## Task prompt
Lines holding the word "Studio" are the ones to copy from the data below.

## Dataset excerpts

____________________

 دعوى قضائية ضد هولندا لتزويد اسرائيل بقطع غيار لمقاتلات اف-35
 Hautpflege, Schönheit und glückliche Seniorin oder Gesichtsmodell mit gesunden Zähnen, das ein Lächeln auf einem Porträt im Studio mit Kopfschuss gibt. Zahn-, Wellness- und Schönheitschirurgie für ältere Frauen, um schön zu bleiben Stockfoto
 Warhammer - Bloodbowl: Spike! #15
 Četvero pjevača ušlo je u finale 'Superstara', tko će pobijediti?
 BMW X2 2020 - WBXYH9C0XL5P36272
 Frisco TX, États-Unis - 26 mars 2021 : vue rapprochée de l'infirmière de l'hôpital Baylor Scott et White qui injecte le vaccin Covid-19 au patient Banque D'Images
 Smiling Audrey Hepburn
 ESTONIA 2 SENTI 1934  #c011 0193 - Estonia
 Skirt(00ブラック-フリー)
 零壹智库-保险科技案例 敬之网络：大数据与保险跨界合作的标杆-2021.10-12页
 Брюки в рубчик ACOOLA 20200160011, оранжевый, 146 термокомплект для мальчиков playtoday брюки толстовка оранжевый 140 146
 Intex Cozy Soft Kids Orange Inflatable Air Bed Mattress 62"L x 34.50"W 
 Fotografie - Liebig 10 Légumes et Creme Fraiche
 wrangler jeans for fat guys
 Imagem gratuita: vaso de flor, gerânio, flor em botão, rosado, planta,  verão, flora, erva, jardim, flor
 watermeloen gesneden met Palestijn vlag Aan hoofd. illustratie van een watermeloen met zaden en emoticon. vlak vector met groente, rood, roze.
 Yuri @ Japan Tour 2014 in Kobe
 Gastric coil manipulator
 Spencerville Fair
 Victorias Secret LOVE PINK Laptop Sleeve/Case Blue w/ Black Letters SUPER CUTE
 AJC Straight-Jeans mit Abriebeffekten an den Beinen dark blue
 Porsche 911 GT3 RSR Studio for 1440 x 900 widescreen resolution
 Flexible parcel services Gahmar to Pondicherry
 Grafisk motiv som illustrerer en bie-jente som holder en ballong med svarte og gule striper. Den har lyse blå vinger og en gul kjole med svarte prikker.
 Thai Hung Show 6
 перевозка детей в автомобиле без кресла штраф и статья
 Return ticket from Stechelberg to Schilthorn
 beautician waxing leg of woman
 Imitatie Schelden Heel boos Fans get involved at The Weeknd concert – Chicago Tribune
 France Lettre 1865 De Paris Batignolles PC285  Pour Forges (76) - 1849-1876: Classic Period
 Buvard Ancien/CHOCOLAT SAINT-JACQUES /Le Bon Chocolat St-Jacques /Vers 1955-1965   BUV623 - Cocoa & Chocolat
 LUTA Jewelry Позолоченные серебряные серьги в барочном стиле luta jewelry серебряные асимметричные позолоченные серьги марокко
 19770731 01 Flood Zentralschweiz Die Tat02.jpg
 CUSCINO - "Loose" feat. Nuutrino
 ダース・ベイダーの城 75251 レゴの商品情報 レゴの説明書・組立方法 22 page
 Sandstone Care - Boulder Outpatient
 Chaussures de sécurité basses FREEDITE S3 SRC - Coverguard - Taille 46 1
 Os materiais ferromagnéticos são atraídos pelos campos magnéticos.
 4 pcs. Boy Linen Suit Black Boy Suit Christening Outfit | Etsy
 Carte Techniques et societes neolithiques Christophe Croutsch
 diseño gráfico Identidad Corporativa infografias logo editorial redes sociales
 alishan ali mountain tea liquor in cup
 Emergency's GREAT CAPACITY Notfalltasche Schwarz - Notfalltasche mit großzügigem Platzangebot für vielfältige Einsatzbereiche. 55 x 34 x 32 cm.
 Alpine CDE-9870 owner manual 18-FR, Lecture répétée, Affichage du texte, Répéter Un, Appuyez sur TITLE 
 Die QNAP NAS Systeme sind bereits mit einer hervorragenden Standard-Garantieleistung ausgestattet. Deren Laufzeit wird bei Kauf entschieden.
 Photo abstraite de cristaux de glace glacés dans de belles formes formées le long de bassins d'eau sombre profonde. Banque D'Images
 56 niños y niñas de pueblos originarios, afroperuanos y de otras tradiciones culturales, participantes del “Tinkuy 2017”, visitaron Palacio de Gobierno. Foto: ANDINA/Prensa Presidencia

____________________

## Exercise solution
 Hautpflege, Schönheit und glückliche Seniorin oder Gesichtsmodell mit gesunden Zähnen, das ein Lächeln auf einem Porträt im Studio mit Kopfschuss gibt. Zahn-, Wellness- und Schönheitschirurgie für ältere Frauen, um schön zu bleiben Stockfoto
 Porsche 911 GT3 RSR Studio for 1440 x 900 widescreen resolution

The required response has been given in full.